Yes！I'm glad to do that! Thank you for the advise Alexander~


----------



## Arnel007 (Dec 29, 2015)

Hi Shen!
Welcome to V.I. Puisque vous étudiez à Paris, donc vous parlez français, n'est-ce pas?  Happy to share musical passion! Enjoy V.I. community!

Blessings!!


----------



## Suganthan (Dec 29, 2015)

Nice compositions, welcome. Have a good time!


----------



## ShenDoesMusic (Dec 30, 2015)

Arnel007 said:


> Hi Shen!
> Welcome to V.I. Puisque vous étudiez à Paris, donc vous parlez français, n'est-ce pas?  Happy to share musical passion! Enjoy V.I. community!
> 
> Blessings!!


Oui je parle francais, mais pas beaucoup. We speak English more than French^^Thank you~


----------



## ShenDoesMusic (Dec 30, 2015)

Suganthan said:


> Nice compositions, welcome. Have a good time!


Thank you~


----------



## ShenDoesMusic (Dec 30, 2015)

Orcel said:


> Bonjour Shen, et bienvenue à Paris.
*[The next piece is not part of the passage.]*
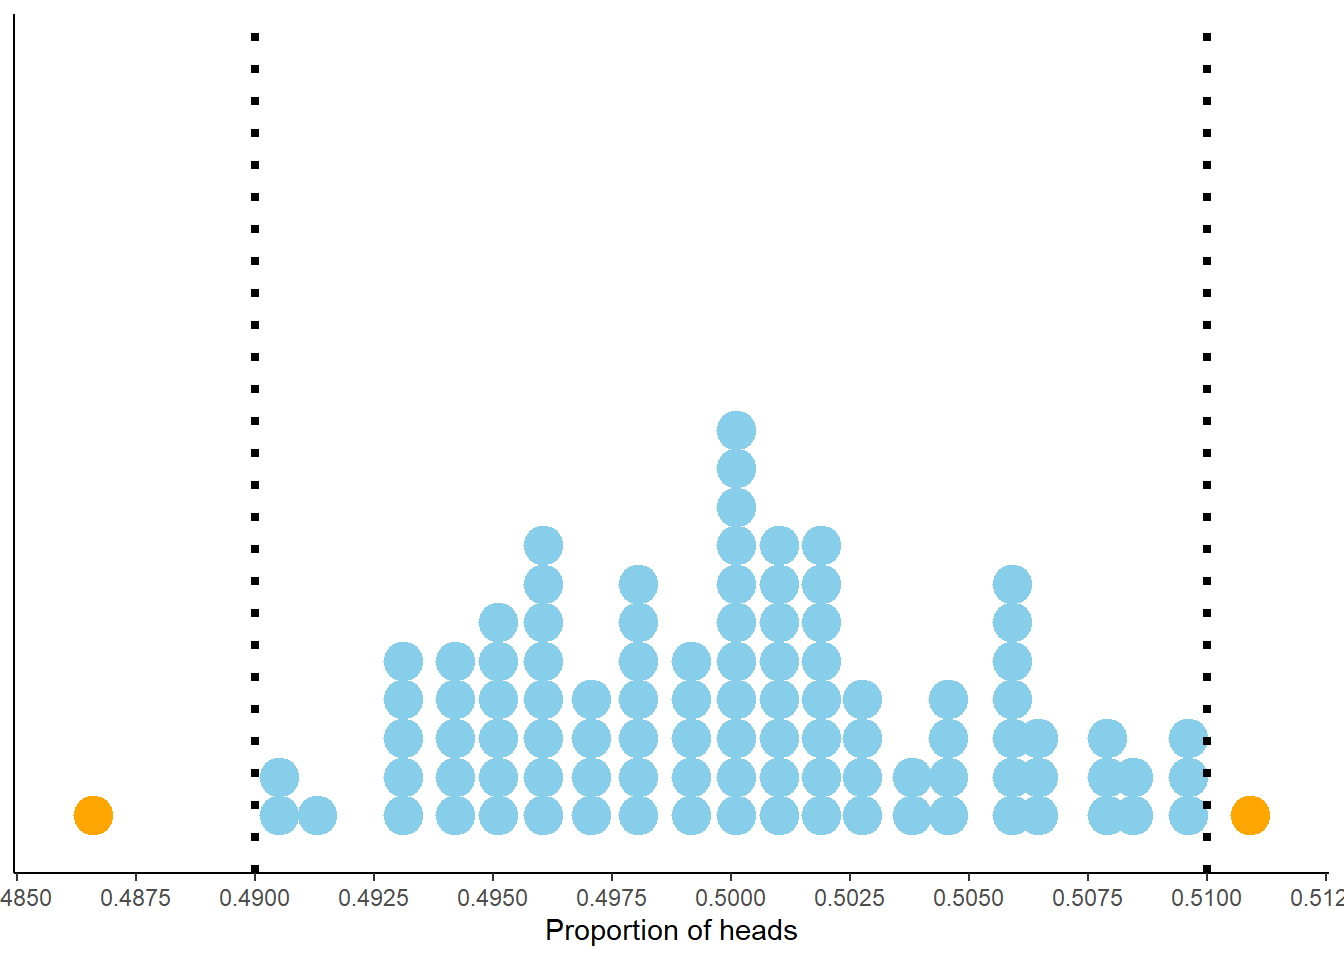 Proportion of flips which are heads in 100 sets of 10,000 fair coin flips. Each dot represents a set of 10,000 fair coin flips. In 98 of these 100 sets the proportion of heads is between 0.49 and 0.51 (the blue dots).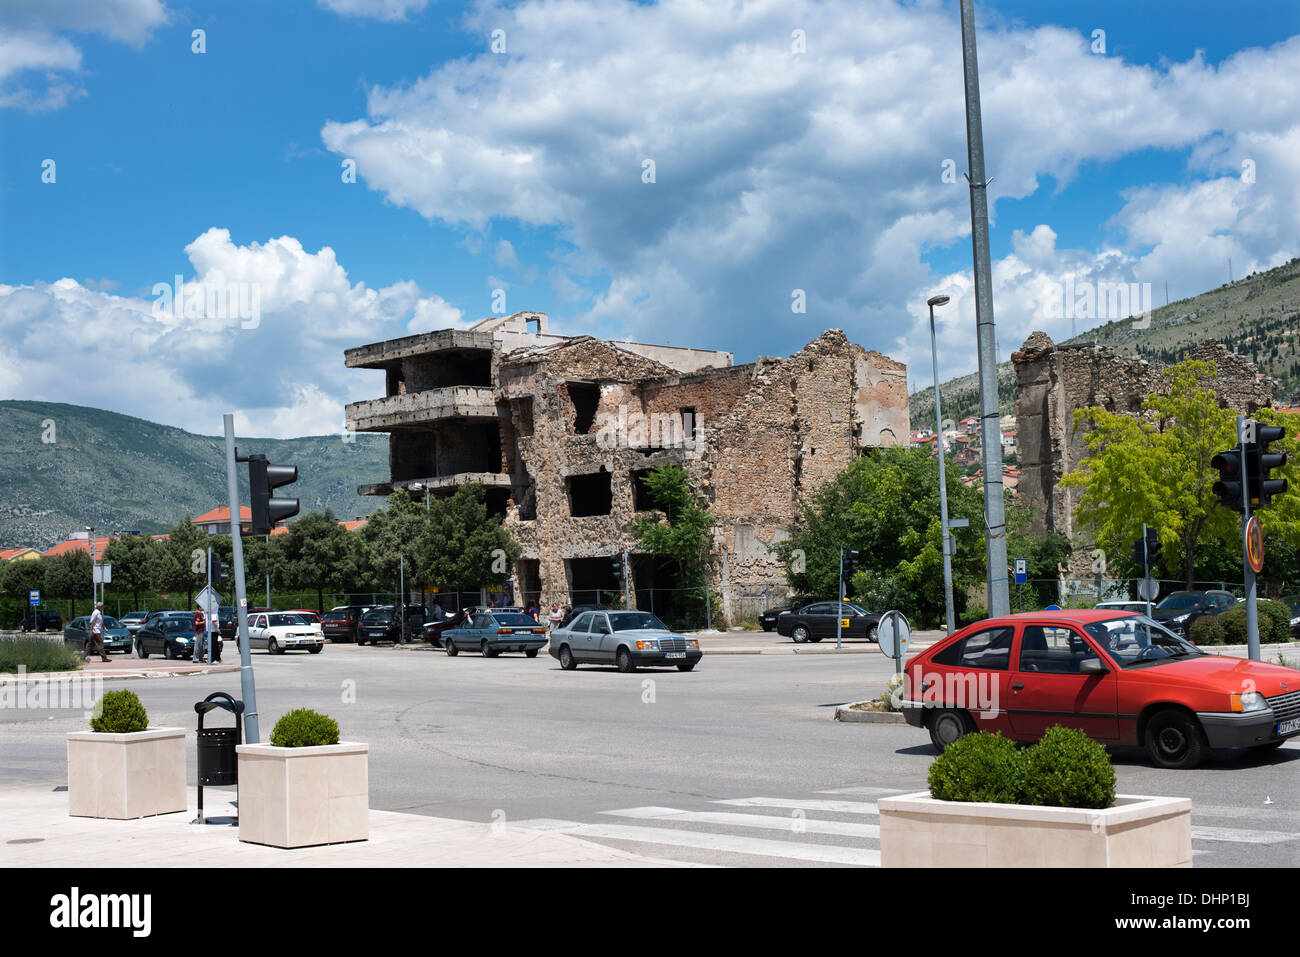 Ruined buildings can be seen everywhere in the town of Mostar. A vivid scar of the 1990s Balkan war between Croats and Bosnians. Stock Photo

Peut-être connaissez-vous mon ami Anthony Girard ? (Professeur d'orchestration au conservatoire sup. de Paris)
> Au plaisir de découvrir votre musique.


Hmm, desolee mais je suis etudiante de l'ecole normale de musique de Paris, donc je connais pas votre ami^^


----------



## ShenDoesMusic (Jan 3, 2016)

Orcel said:


> J'ai justement rendez-vous à l'école normal ce jeudi, peut-être nous y croiserons-nous ?
> 
> Happy new year


Merci, mais j'ai le cours chez mon prof ce jeudi...


----------